Upgrade should succeed and no operator should be in degraded state
We're asking the following questions to evaluate whether or not this bug warrants blocking an upgrade edge from either the previous X.Y or X.Y.Z. The ultimate goal is to avoid delivering an update which introduces new risk or reduces cluster functionality in any way. Sample answers are provided to give more context and the UpgradeBlocker flag has been added to this bug. It will be removed if the assessment indicates that this should not block upgrade edges.
Who is impacted?
Customers upgrading from 4.2.99 to 4.3.z running on GCP with thousands of namespaces, approximately 5% of the subscribed fleet
All customers upgrading from 4.2.z to 4.3.z fail approximately 10% of the time
What is the impact?
Up to 2 minute disruption in edge routing
Up to 90seconds of API downtime
etcd loses quorum and you have to restore from backup
How involved is remediation?
Issue resolves itself after five minutes
Admin uses oc to fix things
Admin must SSH to hosts, restore from backups, or other non standard admin activities
Is this a regression?
No, it’s always been like this we just never noticed
Yes, from 4.2 and 4.3.1
Regarding edge routing, workload routing (and thus auth/console) disruption during upgrades is improved in 4.3+ (see https://bugzilla.redhat.com/show_bug.cgi?id=1809665 and linked backports). There are related upgrade disruption improvements in other areas including the SDN, apiserver, console, and auth. There are no plans I'm aware of to backport those improvements to 4.2, so the benefits will only be realized in 4.3+ upgrade scenarios.
Note that the 4.3 backports for these fixes are still in flight. To test them today, you would need to upgrade to a 4.4 or 4.5 build and upgrade from there.
I don't think there's any plan to do further disruption investigation or fixes in the 4.2 line at this point.
(In reply to Dan Mace from comment #3)
> Regarding edge routing, workload routing (and thus auth/console) disruption
> during upgrades is improved in 4.3+ (see
> https://bugzilla.redhat.com/show_bug.cgi?id=1809665 and linked backports).

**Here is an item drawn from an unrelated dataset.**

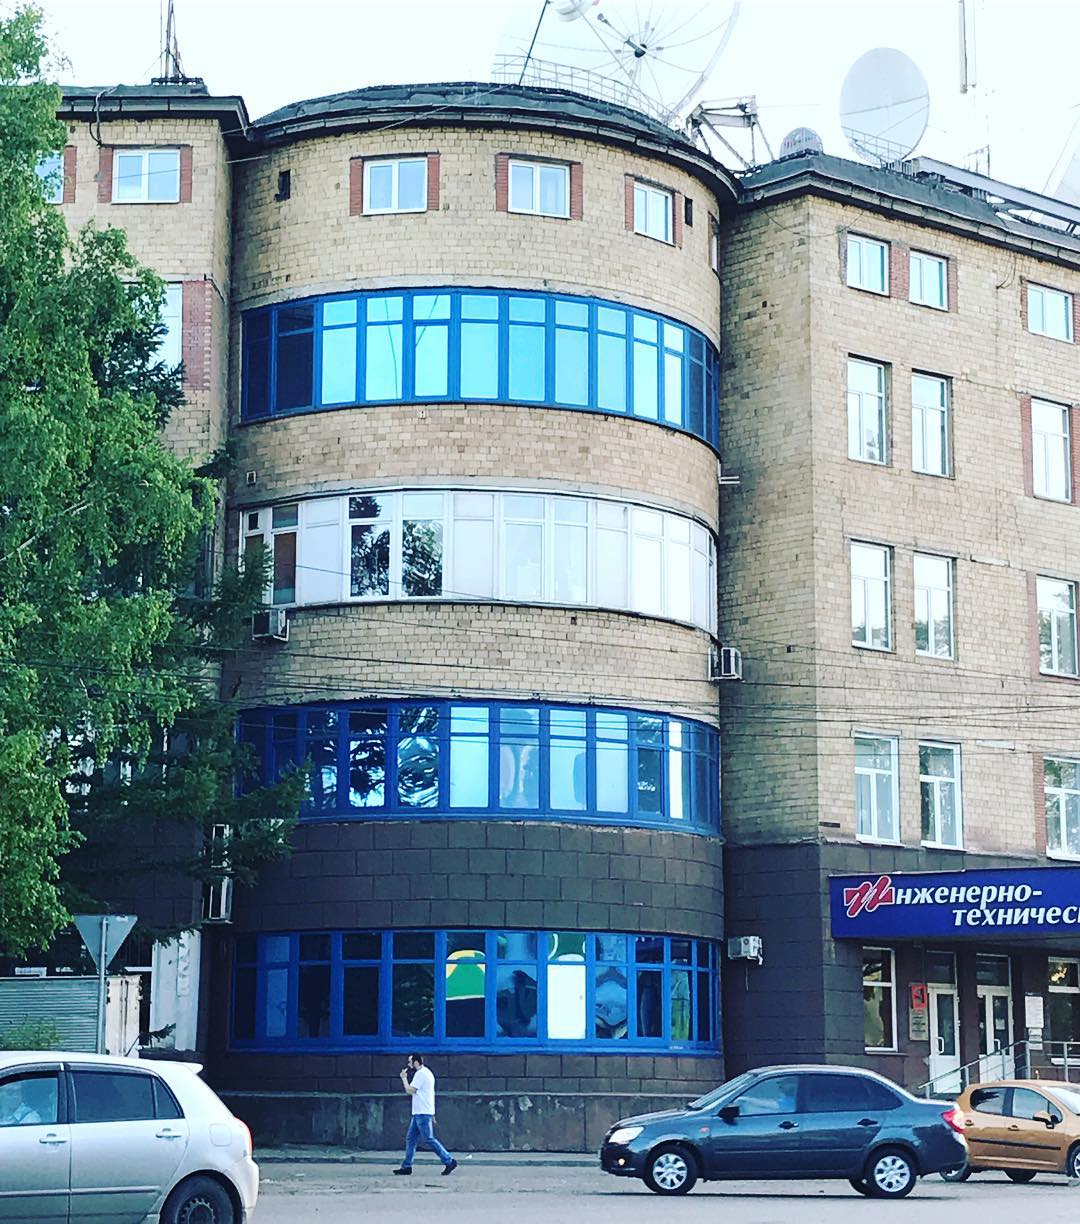 Красноярский архитектор по окнам определил характер владельцев недвижимости

> There are related upgrade disruption improvements in other areas including
> the SDN, apiserver, console, and auth. There are no plans I'm aware of to
> backport those improvements to 4.2, so the benefits will only be realized in
> 4.3+ upgrade scenarios.
> Note that the 4.3 backports for these fixes are still in flight. To test
> them today, you would need to upgrade to a 4.4 or 4.5 build and upgrade from
> I don't think there's any plan to do further disruption investigation or
> fixes in the 4.2 line at this point.
Dan, This bug is reported on 4.4 upgrades. I thin the example answers to the assessment questions created the confusion of 4.2.
After talking with Clayton, it turns out I was incorrect about the current backporting status, and we're apparently still not 100% done even with the totality of known 4.5 fixes, and 4.4 may not yet be in sync with all of what's already done for 4.5. On the surface this appears to be just another data point related to known issues, and a duplicate of one of the other disruption related bugs. Probably https://bugzilla.redhat.com/show_bug.cgi?id=1809667. Only a root cause analysis would reveal whether there's another novel issue at play, but so far I'm not seeing enough interesting new evidence to justify the effort.
Right now I'd recommend closing this one as a dupe of 1809667, or if you want to leave it open, mark this bug blocked by 1809667.
Clayton and I are going to try and fix up a meta-bug to associate all these disjoint symptom bugs with. Stay tuned...
I'm not sure there's much value in keeping this bug open, but for now we'll keep it and I've made it depend on #1809665, which is the canonical issue for disruption to workloads during upgrades (which encompasses auth and the console).
Dropping UpgradeBlocker flag since this is tied to existing well understood route availability that's existed throughout the life of 4.x.